Je tiens à vous rappeler que, sur un peu plus de deux millions de Français établis hors de France, 400 000 sont inscrits sur les listes électorales pour l'élection du Président de la République. Certes, ce chiffre est en augmentation, une augmentation régulière et relativement importante. Mais, outre le nombre peu important des inscrits, la participation électorale est aussi très faible lors de l'élection présidentielle. En 1995, elle était de 50 %. Lors des élections présidentielles de 2002, pourtant marquées par une forte participation en France, le taux d'abstention à l'étranger a atteint plus de 62 % au premier tour.

Les raisons sont connues, et je ne les développerai donc pas. Elles tiennent non pas à un mauvais civisme des Français établis hors de France, qui, au contraire, gardent un lien fort avec la mère patrie sur laquelle ils conservent un regard aigu, mais essentiellement à l'éloignement géographique des bureaux de vote. Il en existe un par ambassade ou consulat. Dans un certain nombre de pays, cela signifie qu'il faut parcourir entre 300 kilomètres et 500 kilomètres dans chaque sens pour aller voter ! Avec de pareils déplacements, c'est demander à nos concitoyens de faire preuve d'un civisme peu ordinaire ! J'ajoute que la fermeture de nombreux consulats - ce que nous sommes plusieurs à déplorer - va accentuer encore cette rupture entre le citoyen électeur et le bureau de vote.

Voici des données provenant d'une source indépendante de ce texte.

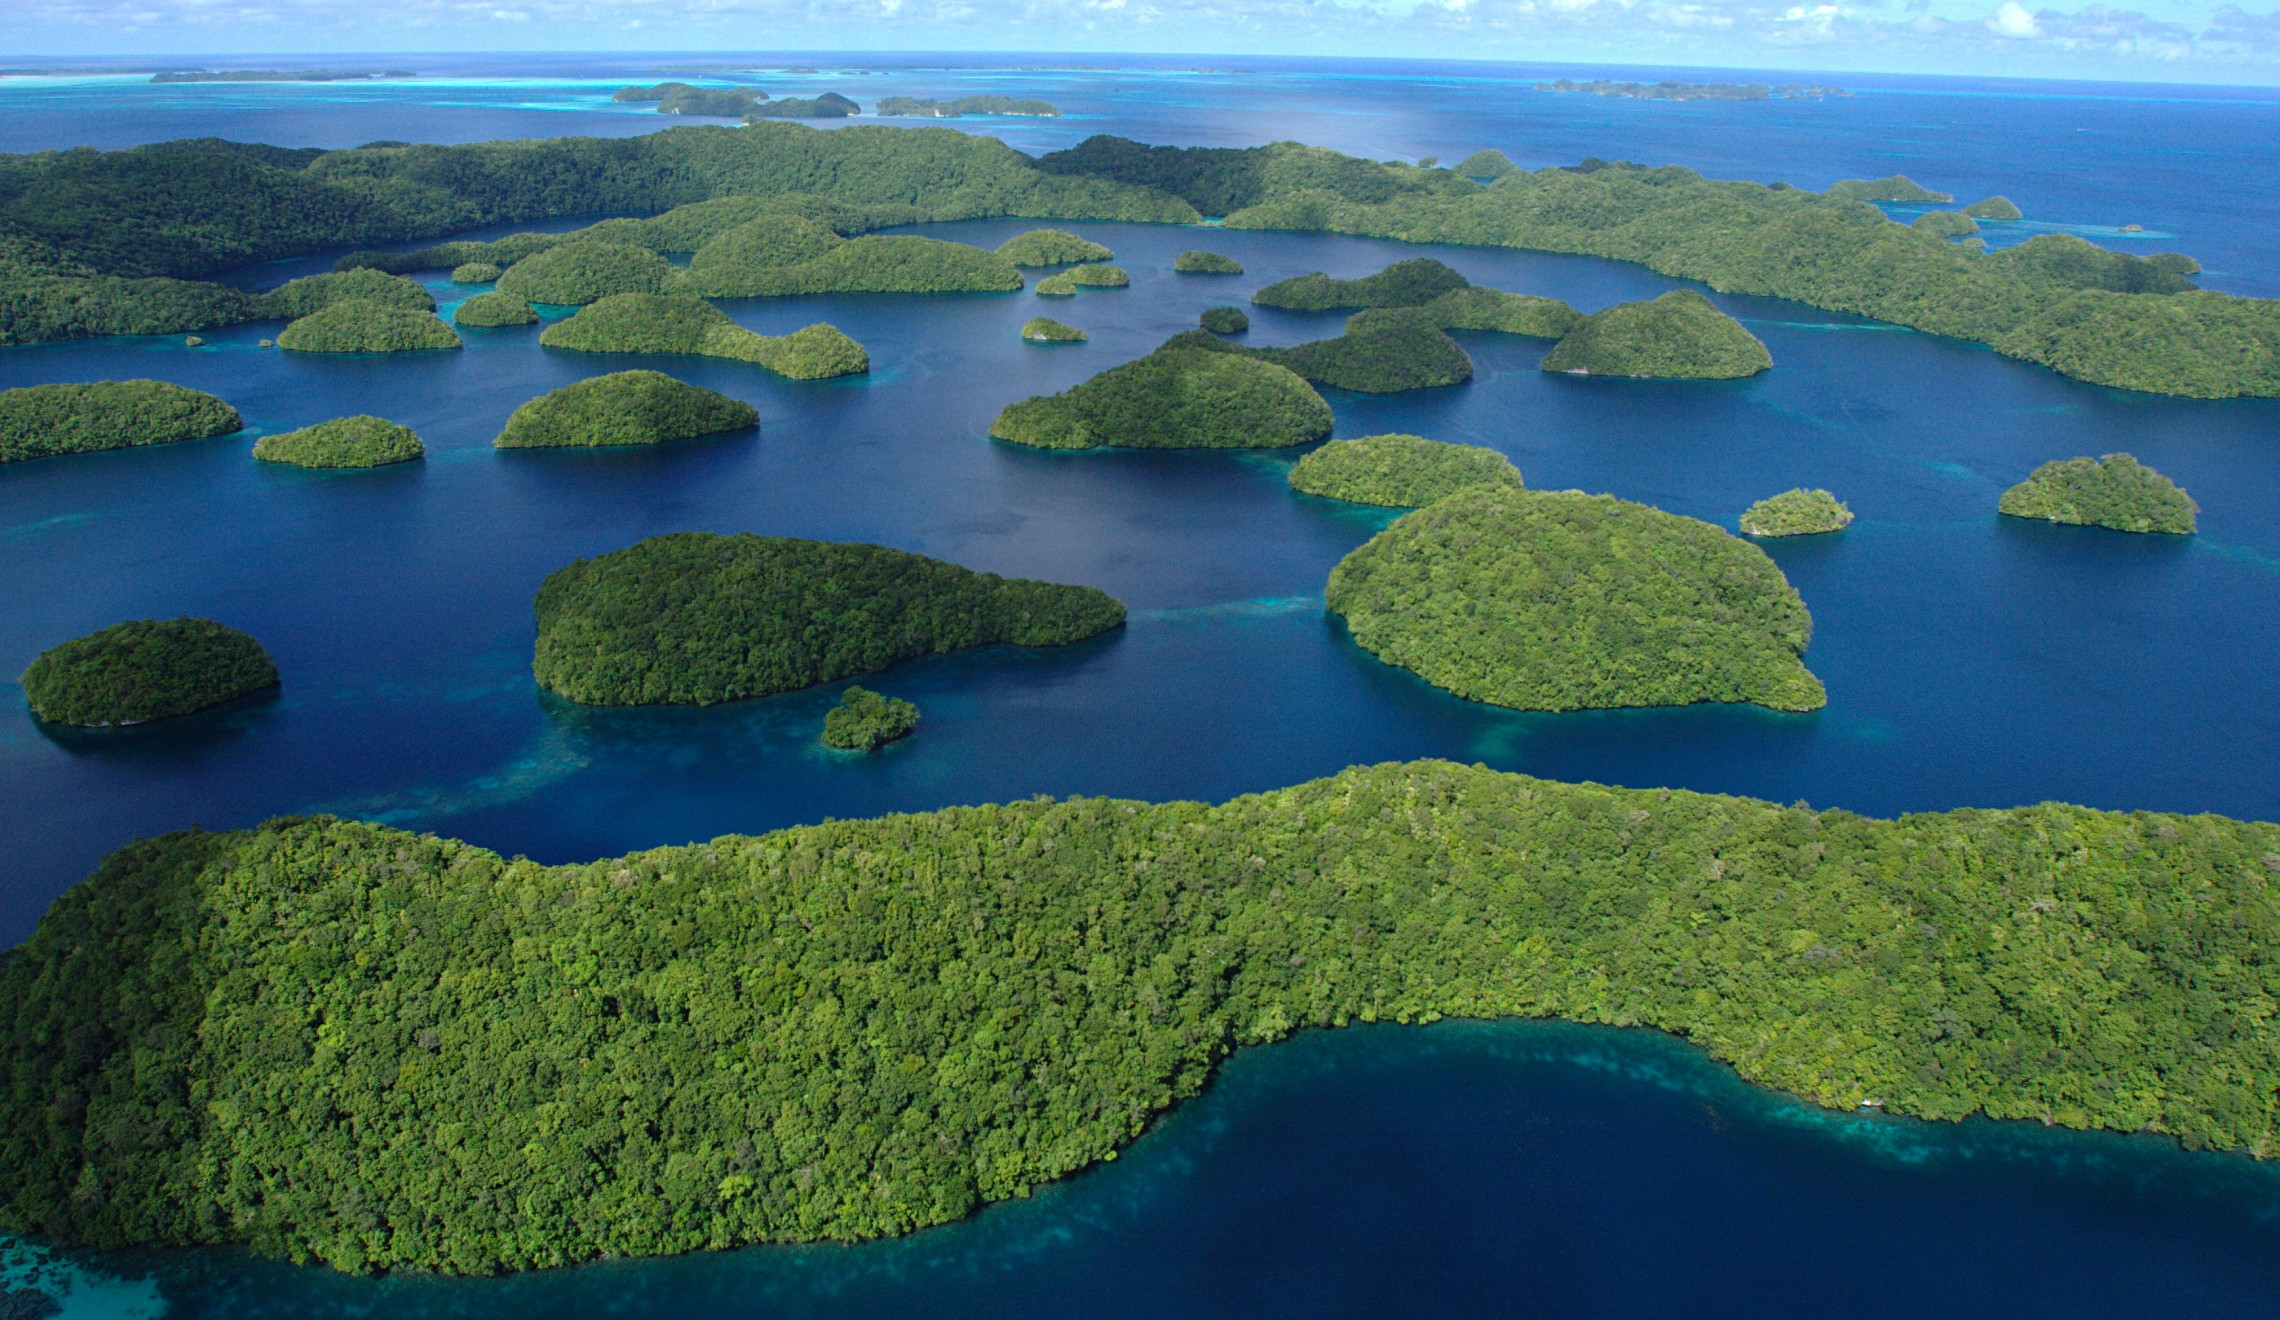 Palau_archipelago

Pour contrecarrer ce que l'on peut appeler une « fracture électorale » et permettre de faire abstraction de l'éloignement par rapport au bureau de vote, certains procédés pouvant être qualifiés d'exceptionnels, tels que le vote par correspondance sous pli fermé ou le vote par voie électronique, ont été mis en place. Toutefois, ces modalités, qui résultent de la loi du 28 mars 2003, ne concernent actuellement que l'élection des membres de l'Assemblée des Français de l'étranger. Ainsi, le 18 juin prochain, nos concitoyens d'Europe, d'Asie et du Levant, pour reprendre une ancienne expression, pourront voter par correspondance électronique.

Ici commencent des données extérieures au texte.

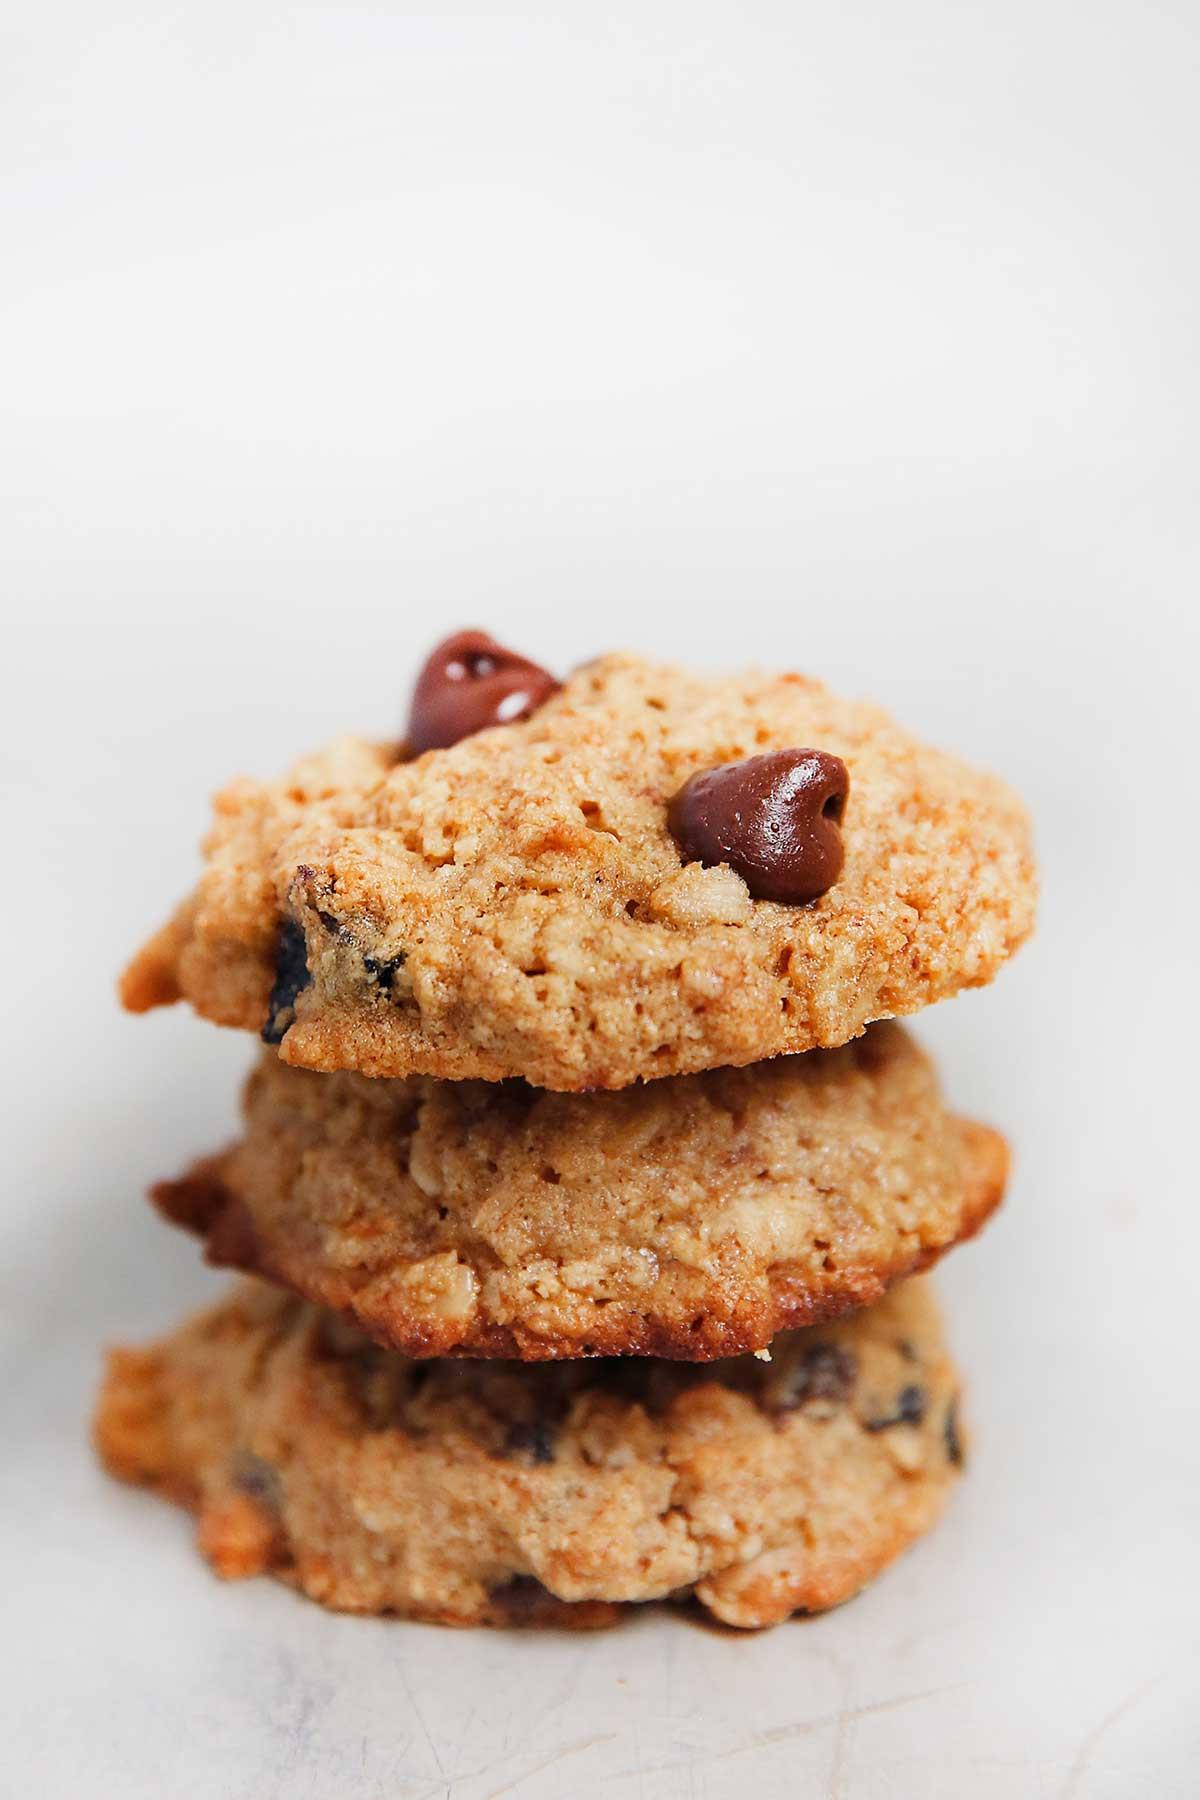 Gluten Free Oatmeal Raisin Cookies  Oatmeal Raisin Chocolate Chip Cookies Lexi s Clean Kitchen

Pourquoi permettre aux citoyens établis hors de France de voter à distance dans le cas particulier de l'élection de l'Assemblée des Français de l'étranger et ne pas l'autoriser pour l'élection du Président de la République ? D'après le ministère de l'intérieur et le secrétariat général de la défense nationale, qui le conseille en la matière, le vote par correspondance électronique ne serait pas suffisamment fiable dans le cas de l'élection présidentielle.